We bought a 3 brd in Grand Beach Orlando on resale.  We are not allowed access to others.  How do we upgrade to be able to book other Diamond properties?  We love this property but would like to explore others within the system.


----------



## cindyc (May 24, 2020)

You need to join their internal exchange program, Destination Exchange.  You can find documentation and browse inventory on the owner pages.


----------



## geist1223 (May 24, 2020)

I have not checked whether or not DesExc is limited to places DRI has weeks they own or Owners have traded through the Program. Another way is to buy a large number of Points from DRI.


----------



## T_R_Oglodyte (May 24, 2020)

geist1223 said:


> I have not checked whether or not DesExc is limited to places DRI has weeks they own or Owners have traded through the Program. Another way is to buy a large number of Points from DRI.


The roster of resorts in DX is rather large.  What is unknown is how much inventory is actually available in those locations.  

As I posted in the thread below, in reviewing the program rules and information recently, it appeared to me that DX was going to be a platform for making Embarc inventory available to Club members, as well as the reverse (Embarc members to access DRI inventory).

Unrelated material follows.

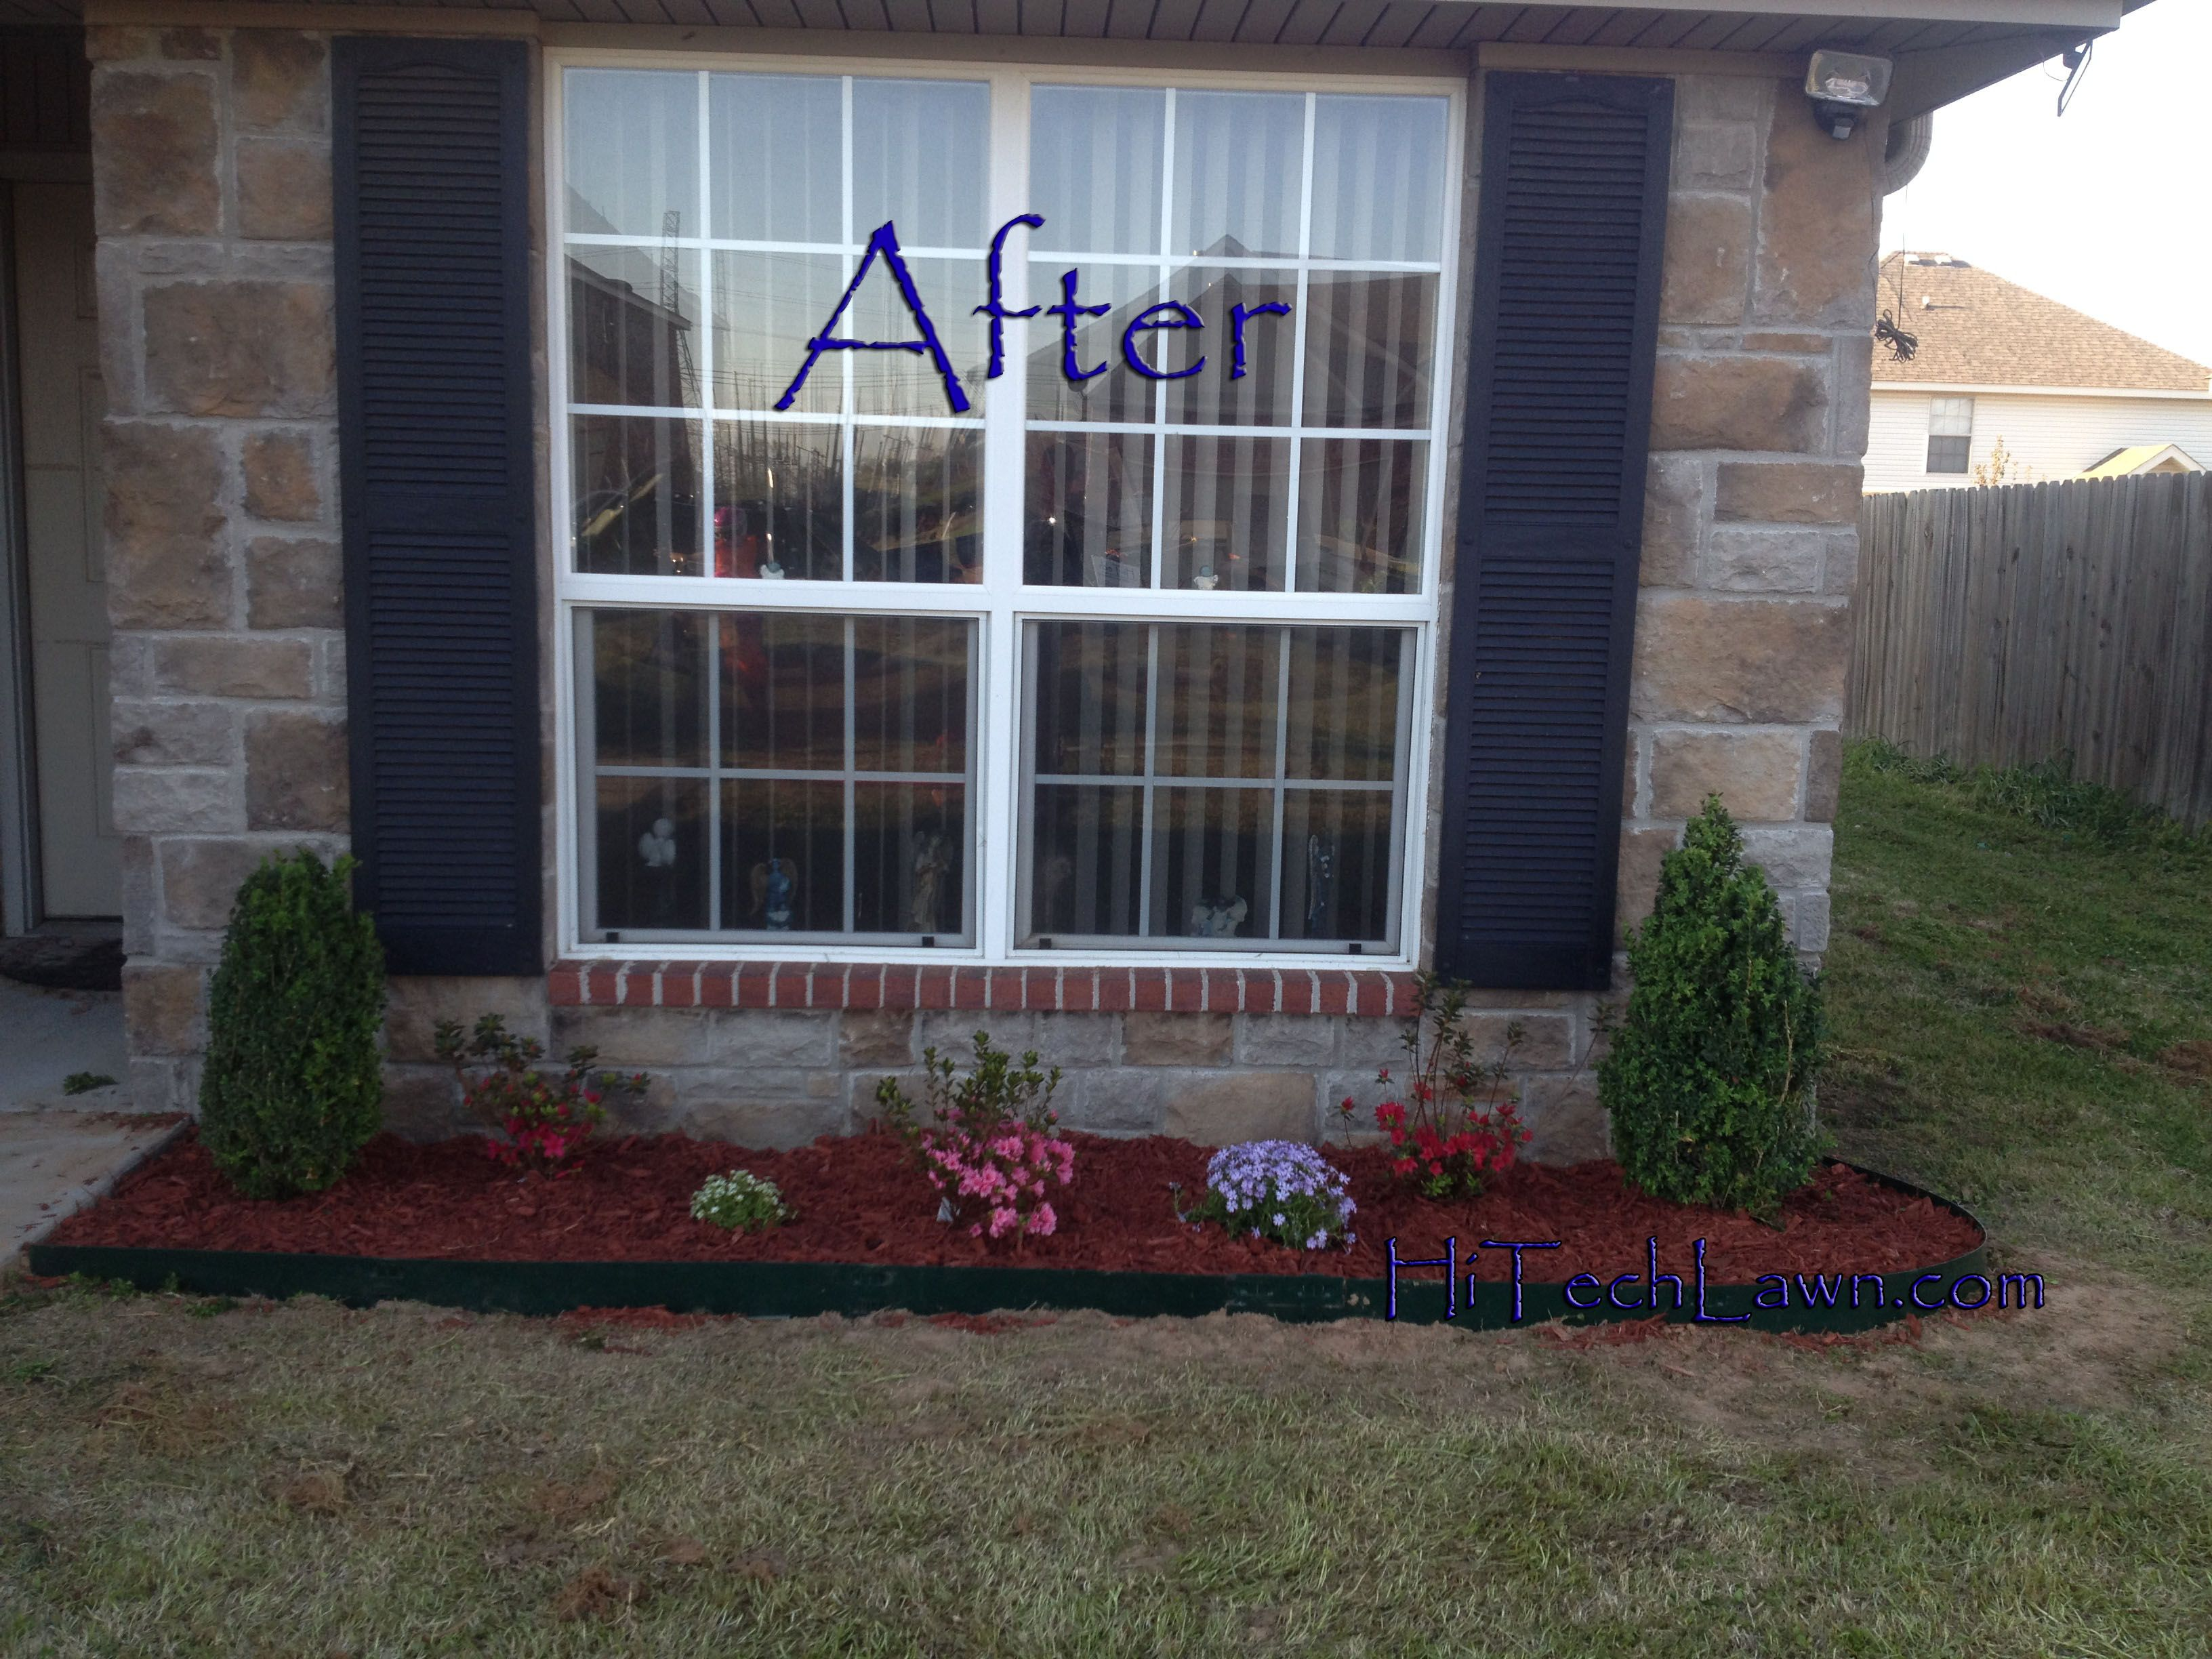 Hi Tech Lawn Care & Landscaping decorative landscaping ...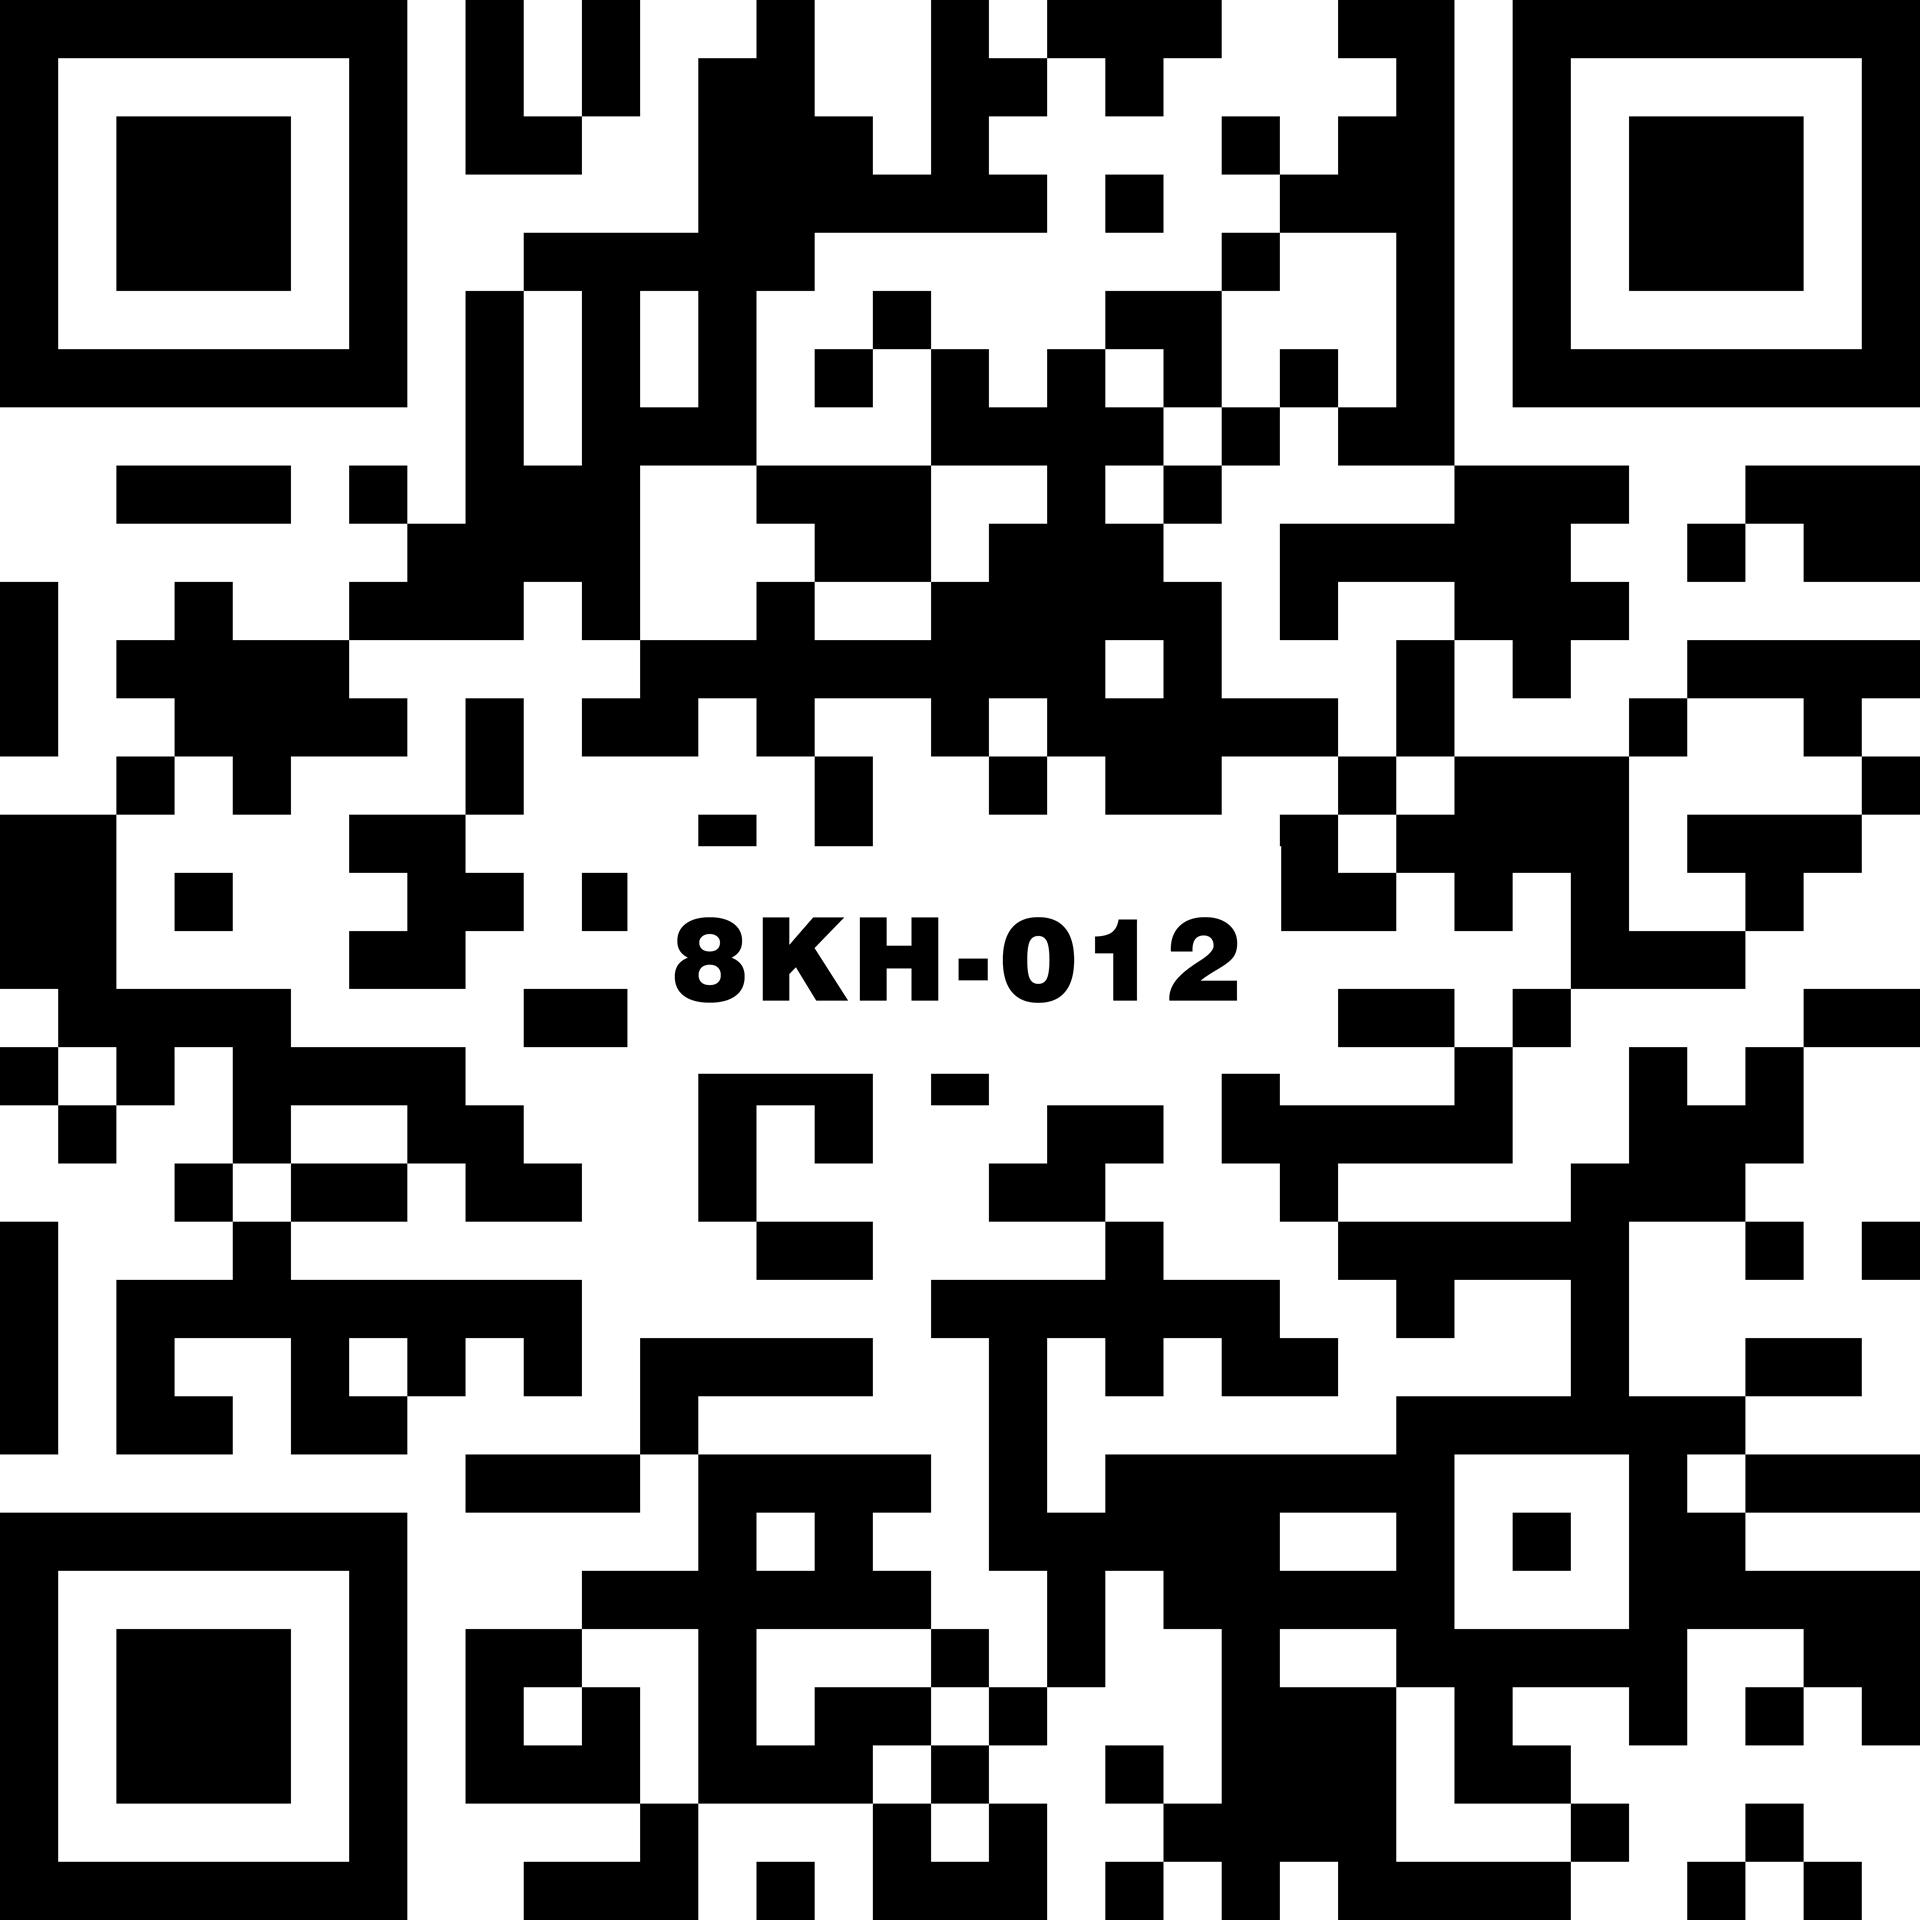 8KH-012

						Looks like I'm going to learn about DX (Destination Exchange)
					

We have a 10k points reservation at Point at Poipu the first week of August that we expect will be cancelled due to Hawaii out-of-state quarantine rules.  We'll get all of the 10k points back, but under our current circumstances we can only save about 900 points into 2021.  So we will be in a...




					tugbbs.com


----------



## pedro47 (May 25, 2020)

This is a piggy back post question from another thread.

I thought you save 100% of your Club Points before June 30. Have that changed ?


----------



## geist1223 (May 25, 2020)

If you want to keep them in your normal DRI Account then yes June 30 is the deadline to be able to save all your Points. You can still use them in the current year. They only draw back the number needed for the Reservation.


----------